Run depthnet and detectnet simultaniously on the same camera

Hey guys,
I’m trying to run depthnet and detectnet (jetson-inference/docs/images at master · dusty-nv/jetson-inference · GitHub) at the same time on the same camera. I’m hoping to have detectnet designate people, and then using depth from depth net at that centroid coordinate, output the image feed, as well as the distance to the person. I’ve gotten both running independently, just not sure how to go about using deepstream to run them together. Any help would be appreciated!

System:
Jeston Orin Nano Dev
Ubuntu 20.04.6
Deepstream-6.1

Do you mean you want to run people detection first and then get the distances to the people in the same DeepStream pipeline?

The usage depends on the models’ features.

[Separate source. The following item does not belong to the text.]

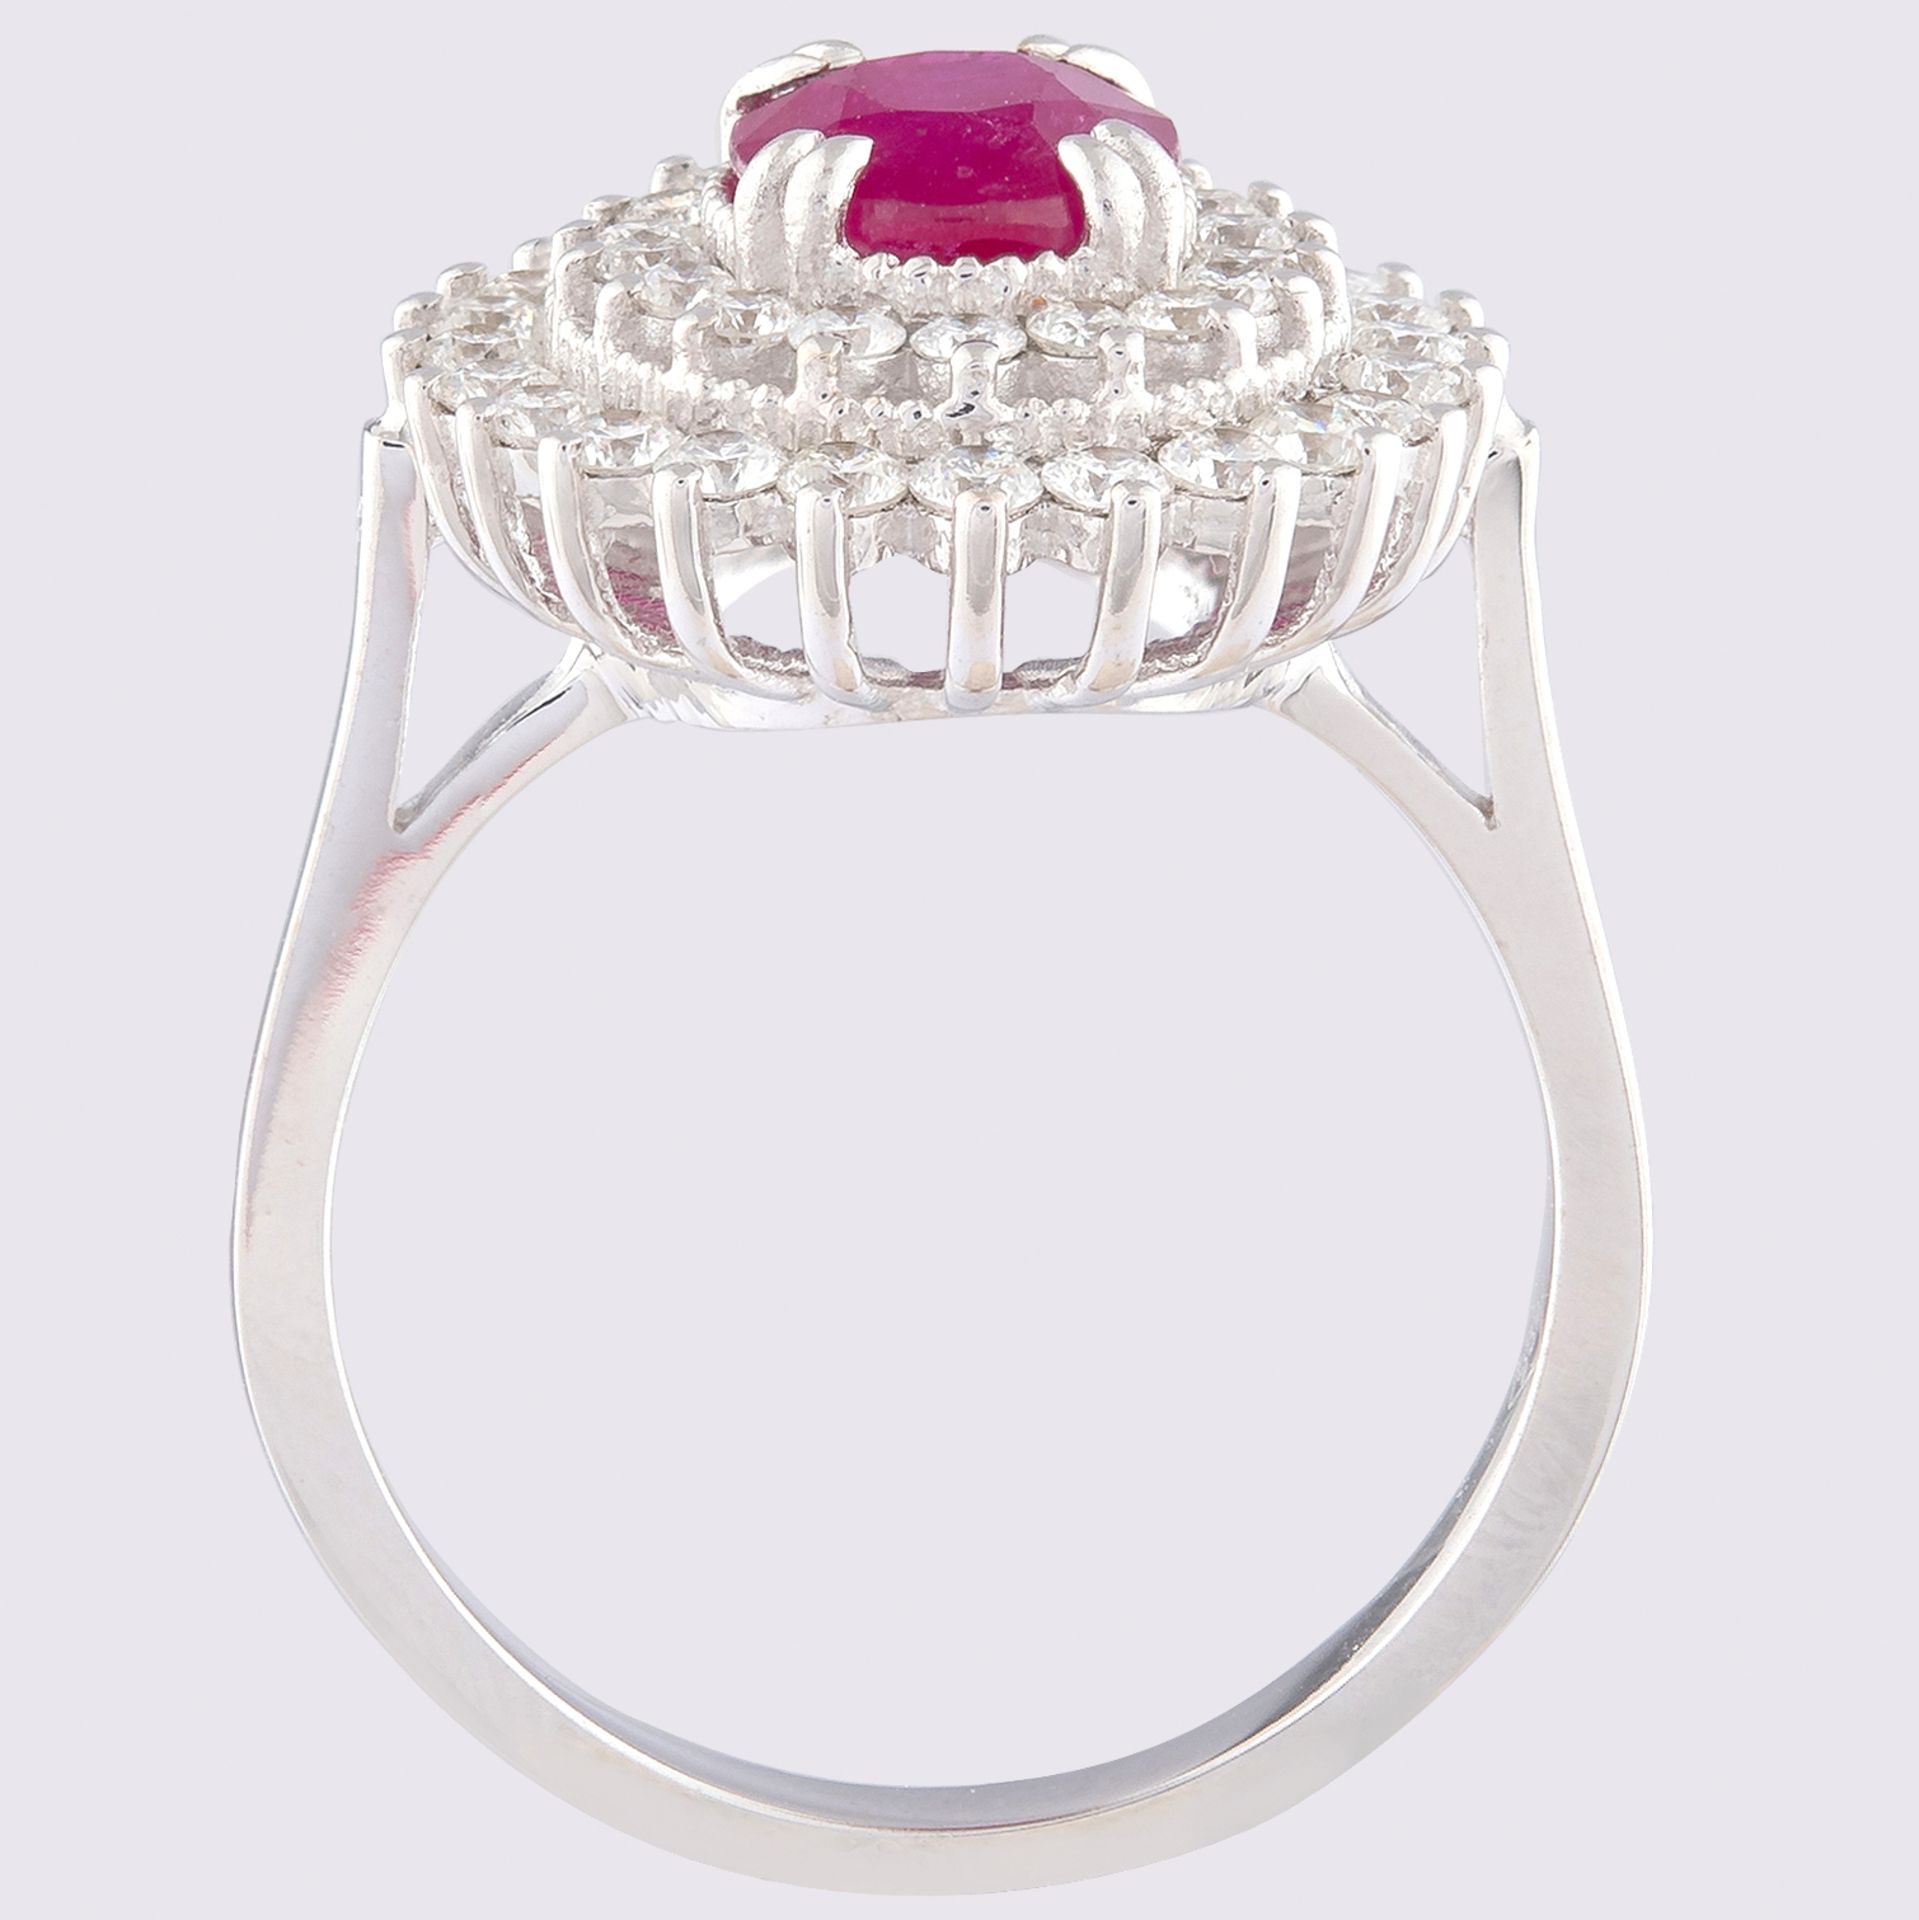 Certificated 14K White Gold Diamond & Ruby Ring - Image 2 of 4

Seems the detectnet outputs bboxes and depthnet outputs point loud of the whole image. You may use the two models in the same pipeline. The depthnet output point cloud can be stored in the frame user meta. NVIDIA DeepStream SDK API Reference: _NvDsFrameMeta Struct Reference | NVIDIA Docs

Then you can get both the bboxes and the point cloud in the downstream from NvDsBatchMeta. You can implement your own algorithm to the data you got.

1 Like

Thank you, I will look into that. Do you have any suggestions on how I could transfer over the mobilenetV2 and the depthnet to a model that Deepstream can use? Thank you!

There is no update from you for a period, assuming this is not an issue anymore. Hence we are closing this topic. If need further support, please open a new one. Thanks

DeepStream support several model types, please refer to Gst-nvinfer — DeepStream documentation 6.4 documentation.

The dusty-nv/jetson-inference: Hello AI World guide to deploying deep-learning inference networks and deep vision primitives with TensorRT and NVIDIA Jetson. (github.com) is open source. You can get the idea of how to download the models and the inferencing preprocessing and postprocessing from the code. E.G. The depthnet model download is jetson-inference/tools/download-models.sh at master · dusty-nv/jetson-inference (github.com). The inferencing preprocessing is jetson-inference/c/depthNet.cpp at master · dusty-nv/jetson-inference (github.com). The output of the depthnet onnx model is a mask matrix. So there is no extra postprocessing needed.

The DeepStream SDK has provided document and samples for how to integrate different models with DeepStream.

This topic was automatically closed 14 days after the last reply. New replies are no longer allowed.